Stochastic Network Calculus: From Theory to Applications
Jorg Liebeherr (University of Toronto, Canada)
Summary:
Current applications in the design of smart grid systems, as well as in the certification of aircraft data networks have broadened interest in network calculus methodologies. Network calculus was conceived in the 1990s, as an analytical tool for the provisioning of network services with deterministic performance guarantees. The main advantage over other analytical approaches is that end-to-end performance metrics, e.g., the delay experienced on a network path of multiple nodes, are easily obtained. However, the worst-case analysis associated with deterministic guarantees has created the misconception that network calculus largely overestimates resource requirements. More recently, probabilistic extensions of network calculus, referred to as stochastic network calculus, have been able to capture statistical multiplexing gain. This makes network calculus an attractive tool for economies of scale, such as data centers or smart grids.
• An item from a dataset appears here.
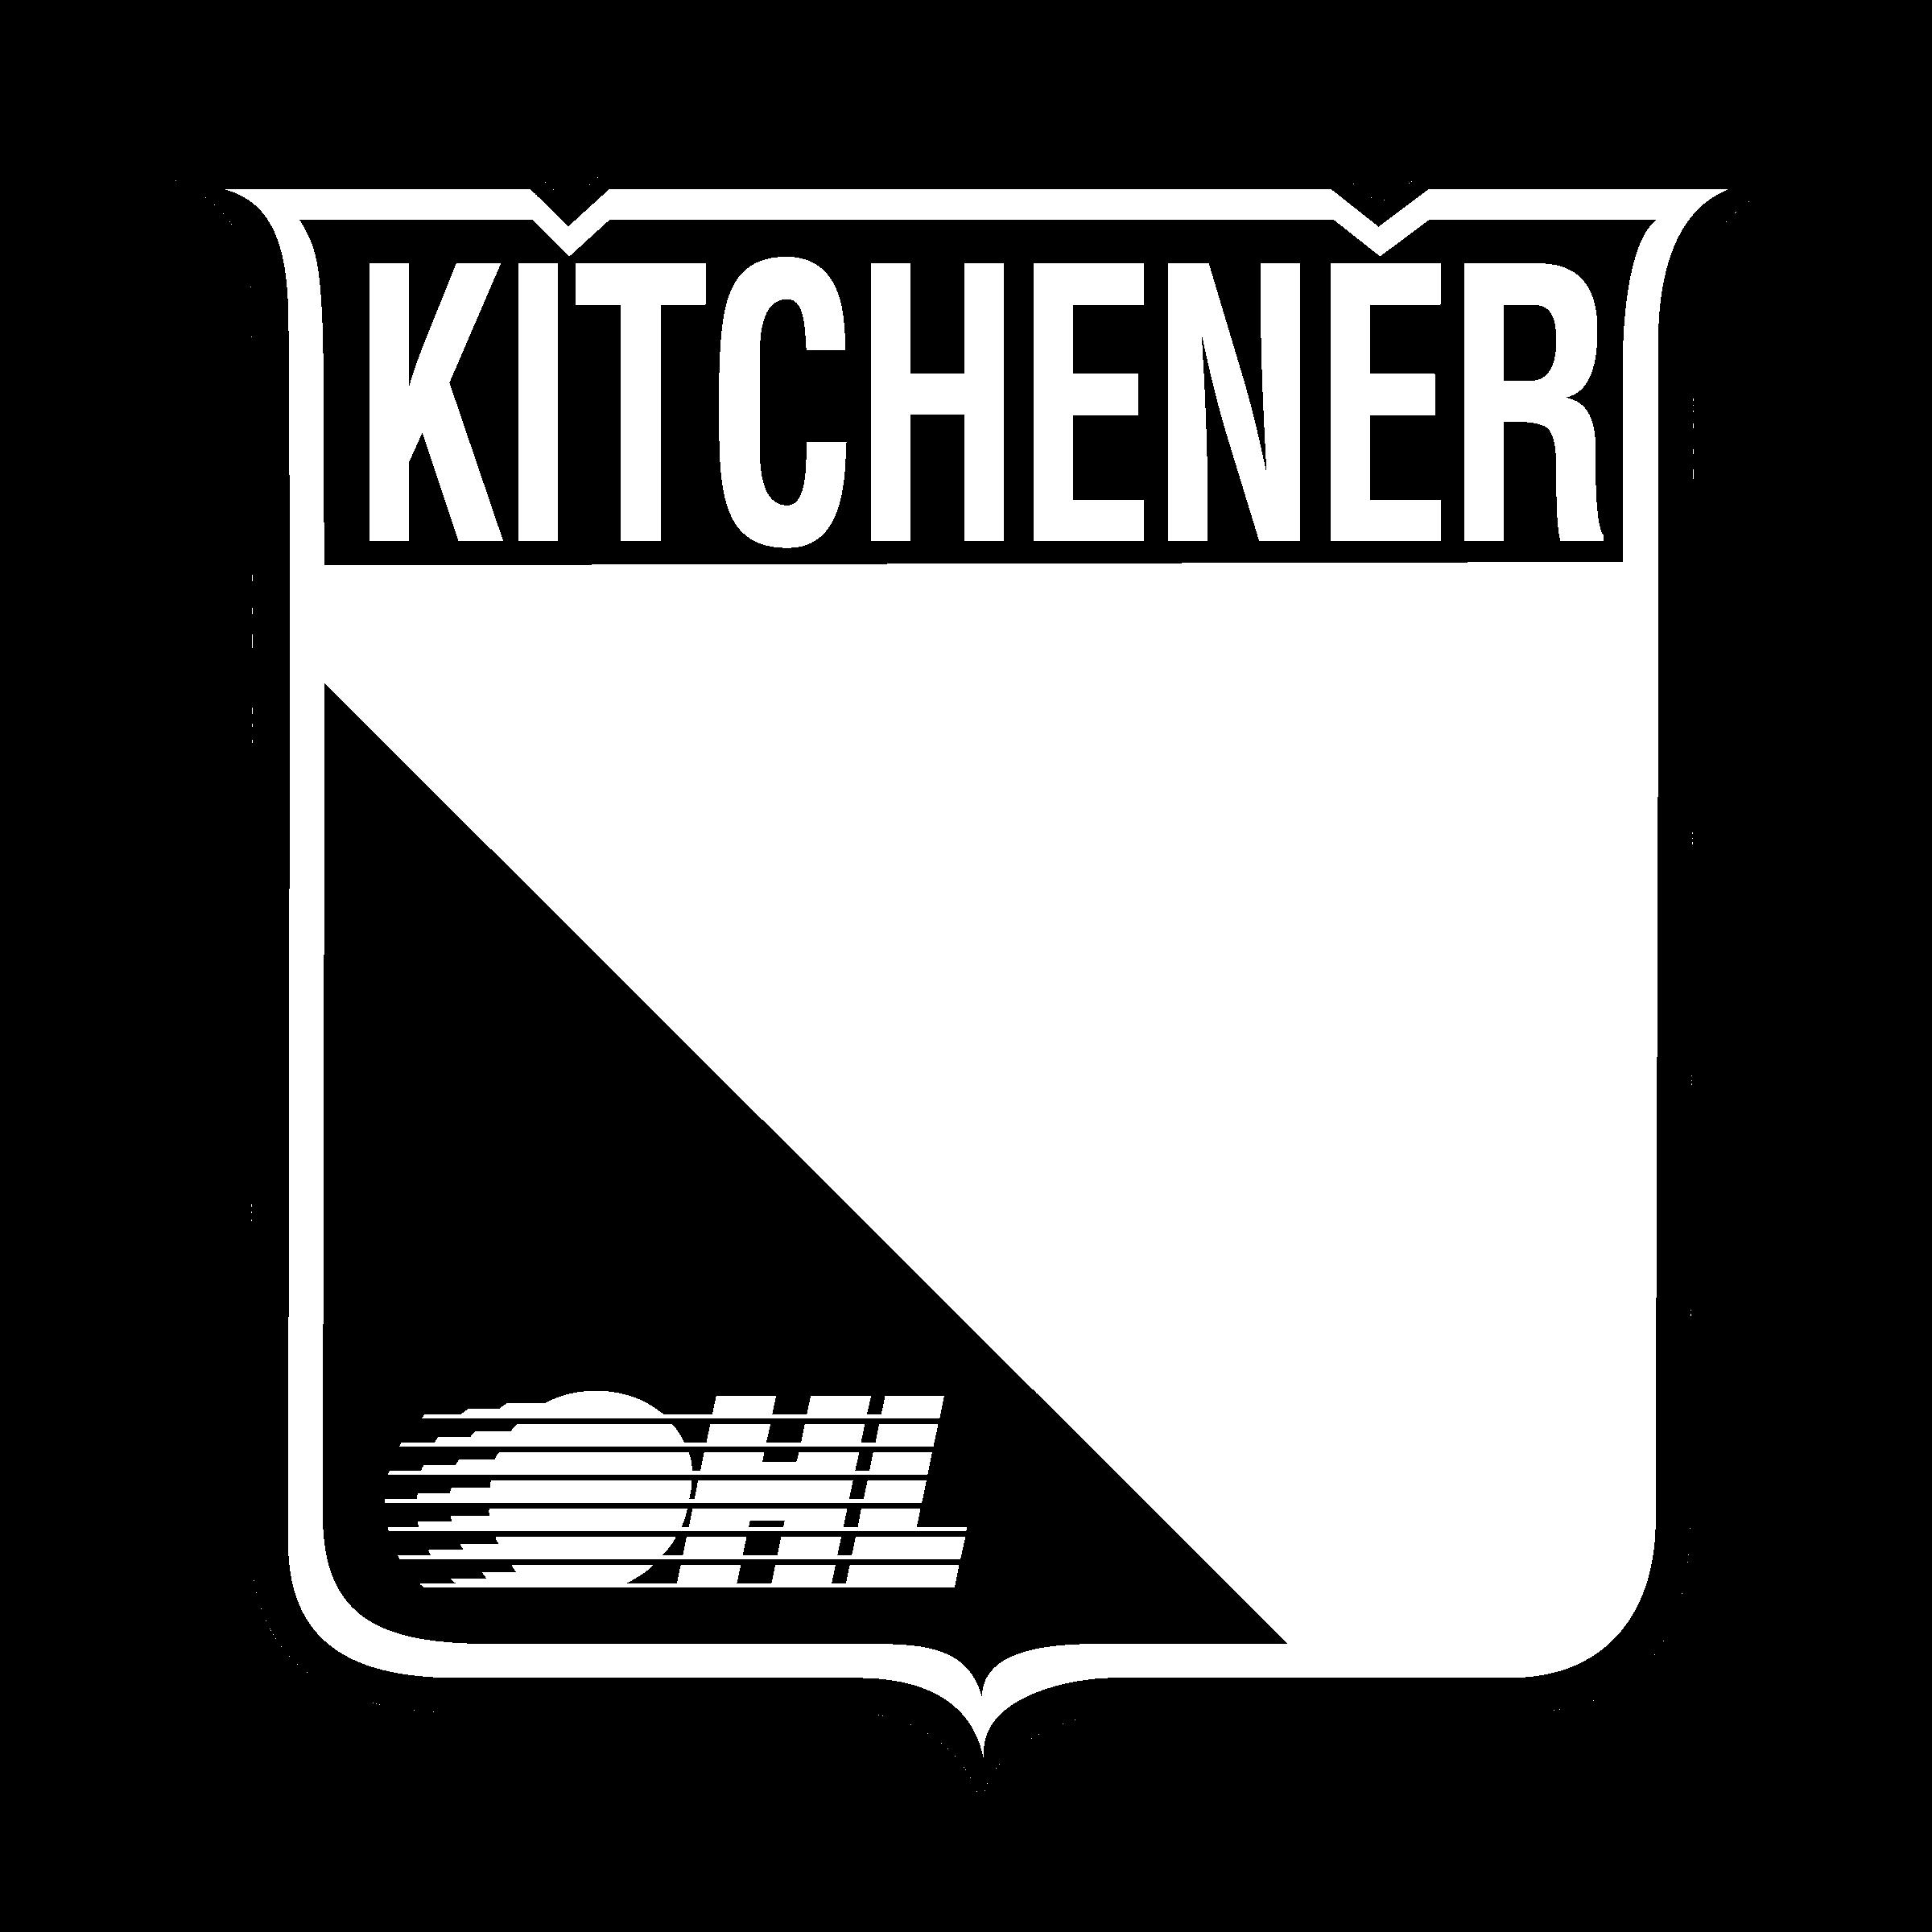 Kitchener Rangers Logo PNG Transparent & SVG Vector - Freebie Supply

The objective of this tutorial is to give an overview of the techniques of the deterministic and stochastic network calculus, without assuming prior knowledge or familiarity with its methods. The approach is to present network calculus as a systems theory for communication and electrical power distribution networks. An emphasis will be placed on the state-of-the-art of the stochastic network calculus, its potential and limitations, as well as application scenarios.
Outline:
1. A Network Calculus Primer
- Buffered links
- Envelopes and service curves
- Min-plus algebra primer
- Performance bounds for multi-node networks
- Case study: Bandwidth estimation
2. Stochastic Network Calculus
- Statistical multiplexing gain
- Statistical envelopes and sample path envelopes
- Statistical end-to-end analysis
- Assessment of the state-of-the-art (beyond hype and myths)
3. Application areas
- Wireless networks
- Data centers
- Smart grids
Biography of the presenter:
Jorg Liebeherr received the Ph.D. degree in Computer Science from the Georgia Institute of Technology in 1991. After a Postdoc at the University of California, Berkeley, he joined the Department of Computer Science at the University of Virginia in 1992. Since Fall 2005, he is with the Department of Electrical and Computer Engineering of the University of Toronto. He was Editor-in-Chief of IEEE Network in 1999-2000, and served on the editorial board of IEEE/ACM Transactions on Networking, as well as the boards of other journals. He was co-recipient of a best paper award at ACM Sigmetrics 2005. He is a Fellow of the IEEE. He has a long standing research interest in network performance analysis, especially, approaches of the stochastic network calculus. Since 2004, he has been teaching courses on network calculus at the undergraduate and graduate level.